Where does the Tea Party come from? William Galston recently argued that the Tea Party represents an update of the “Jacksonian tradition.” Drawing upon the work of Walter Russell Mead, Galston says that they “embrace a distinctive code, whose key tenets include self-reliance, individualism, loyalty and courage.” That’s true to a point but it also misses something fundamental. There are also some Puritan elements in the Tea Party.

 

The Puritans have a bad rap in American culture. Puritans, so the story goes, were killjoys who invented the witch hunt, and they were known to punish fornication and other such sins. But trying witches was hardly unique to the Puritans–witch trials were quite common in early modern Europe, and they were hardly unknown in colonial British America outside of Massachusetts. The last witch trial in the colonies was probably the one that took place in Virginia in 1730. And colonial Virginia was known to punish fornication, although probably less regularly than colonial Massachusetts. Because they have such a bad rap, movements are often loathe to be associated with the American Puritans.
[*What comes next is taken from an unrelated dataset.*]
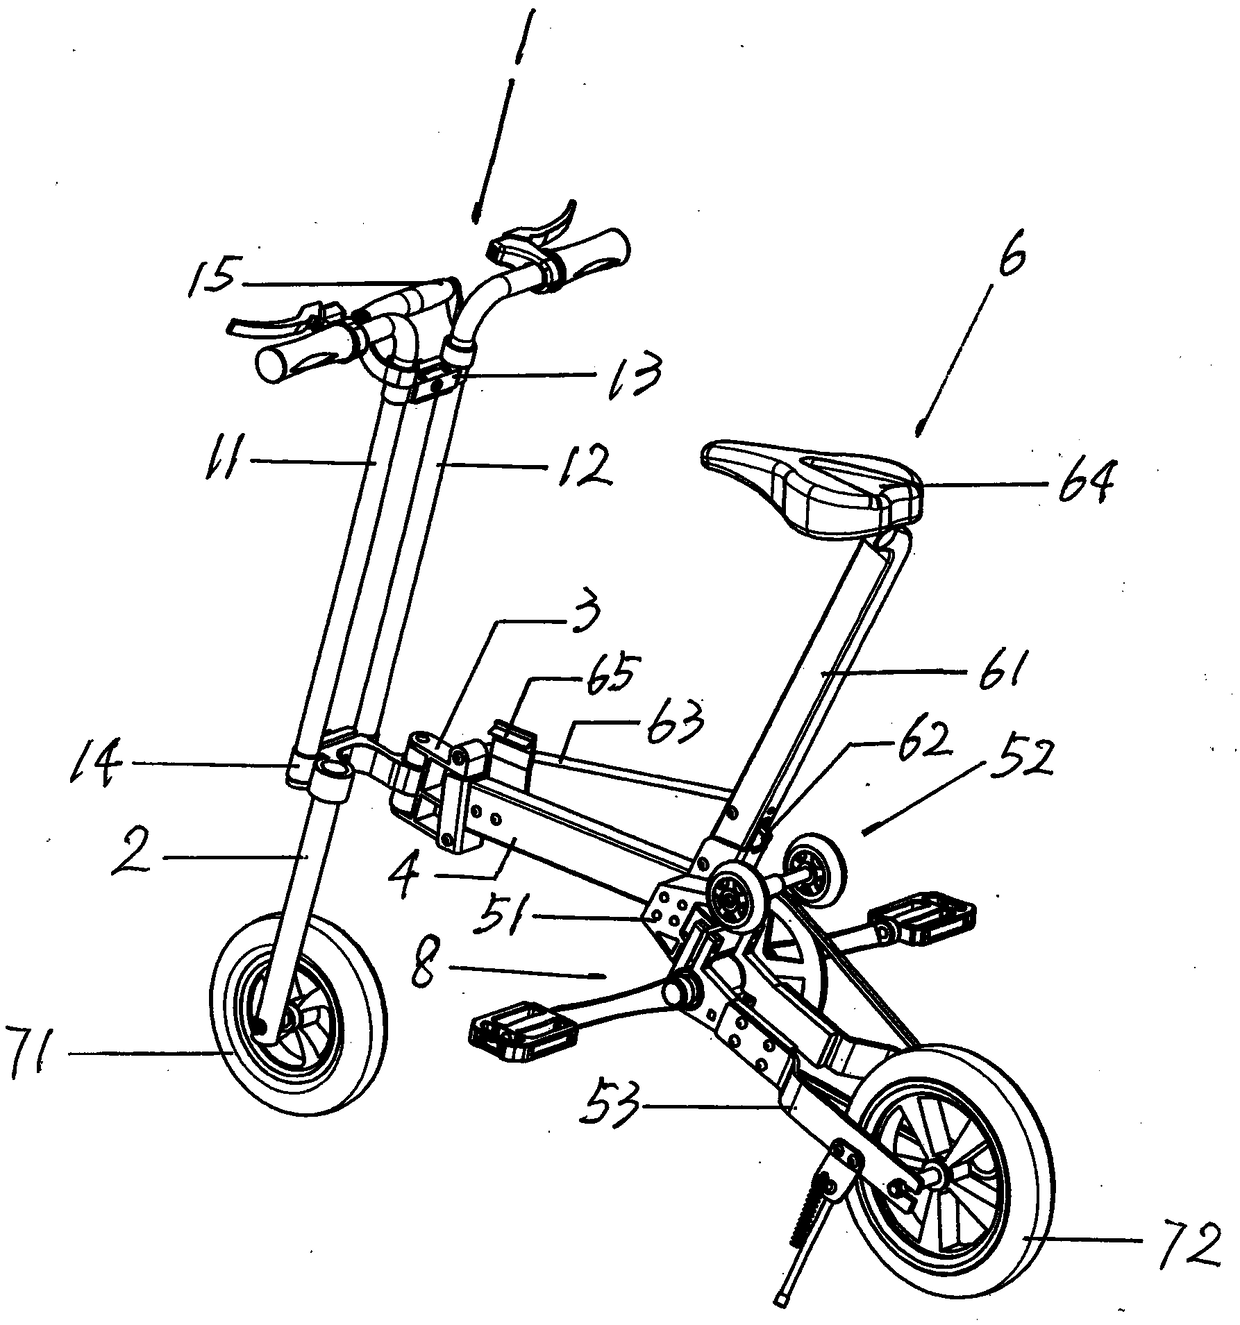 Telescopic handlebar bottom bracket shaft towable portable bicycle
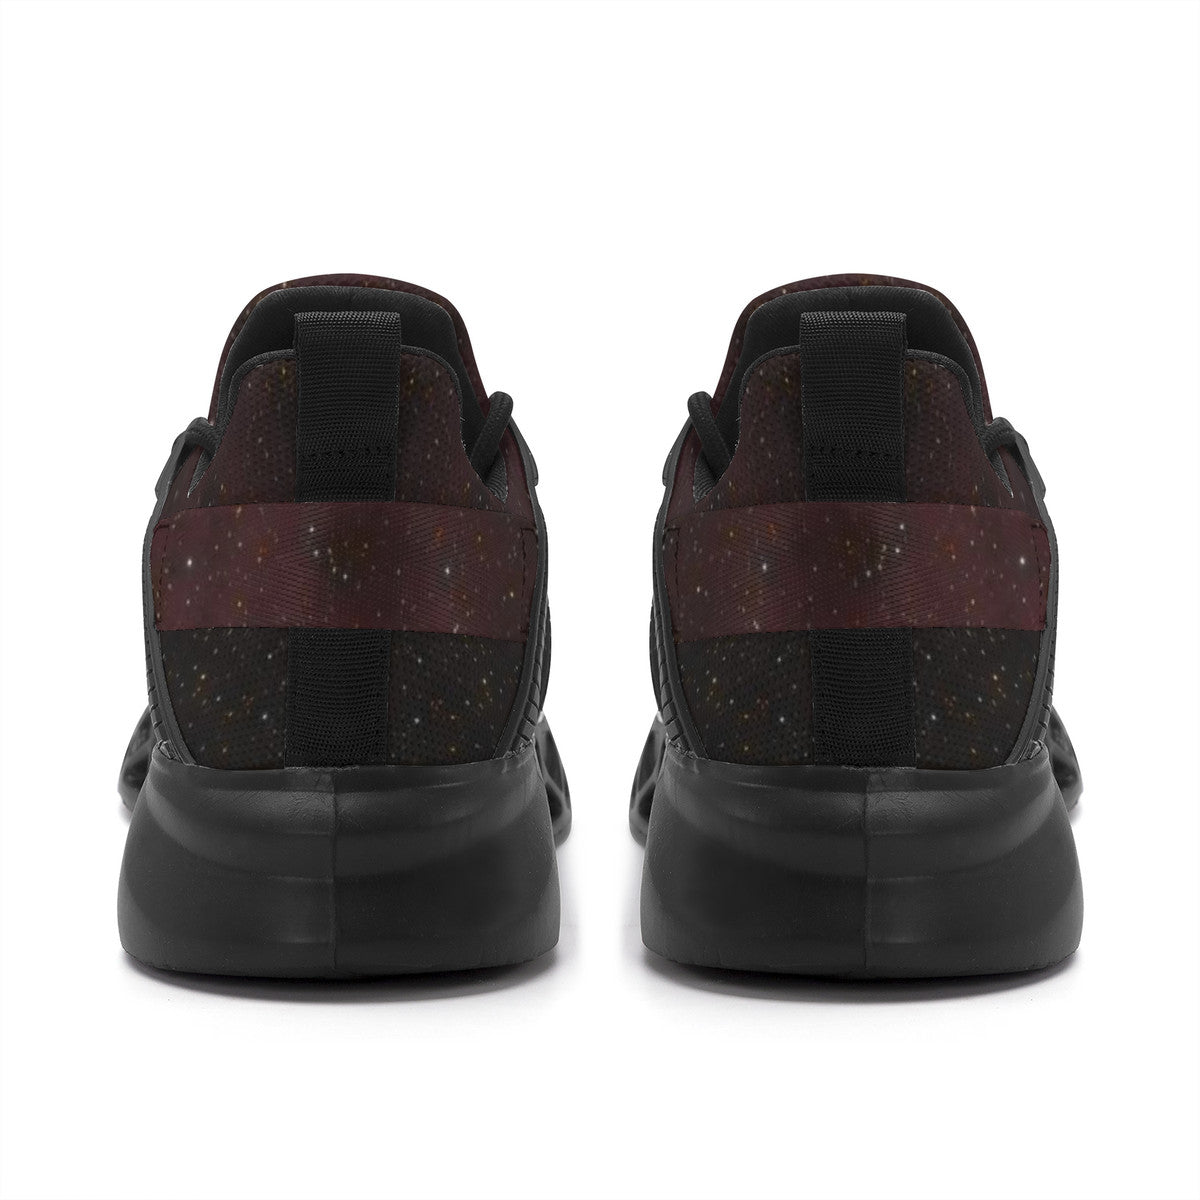 The Nebula Palace - Stellar Comfort: Red Nebula Unisex Elastic Sport Shoes The Nebula Palace: Spiritually Cosmic Fashion

Yet the Puritans represent some important elements of American culture, many of which are manifest in the modern Tea Party. In particular, the Tea Party echoes the Puritan belief that America is a special nation with a special purpose, they share the middle class character of the Puritan colonies, the hostility to cronyism and special privileges, the worry that welfare breeds dependency, and even, to a degree, support for local government against the forces of centralization.

 

Perhaps the most obvious connection between the American Puritans and the modern Tea Party is the idea of “American Exceptionalism.” The term may be a 20th Century coinage, but the concept is much older. En route to Massachusetts in 1630, John Winthrop spoke of the Puritan colony as “as a city upon a hill.” That phrase was a favorite of Ronald Reagan, himself a favorite of the modern Tea Party. But what does it mean? For Winthrop, it meant that the community was engaged in a holy experiment. The conventional wisdom of the day held that it would be impossible to build any community, much less a well functioning one, on Puritan principles. If the Puritan experiment succeeded, Massachusetts would be a model for future colonies.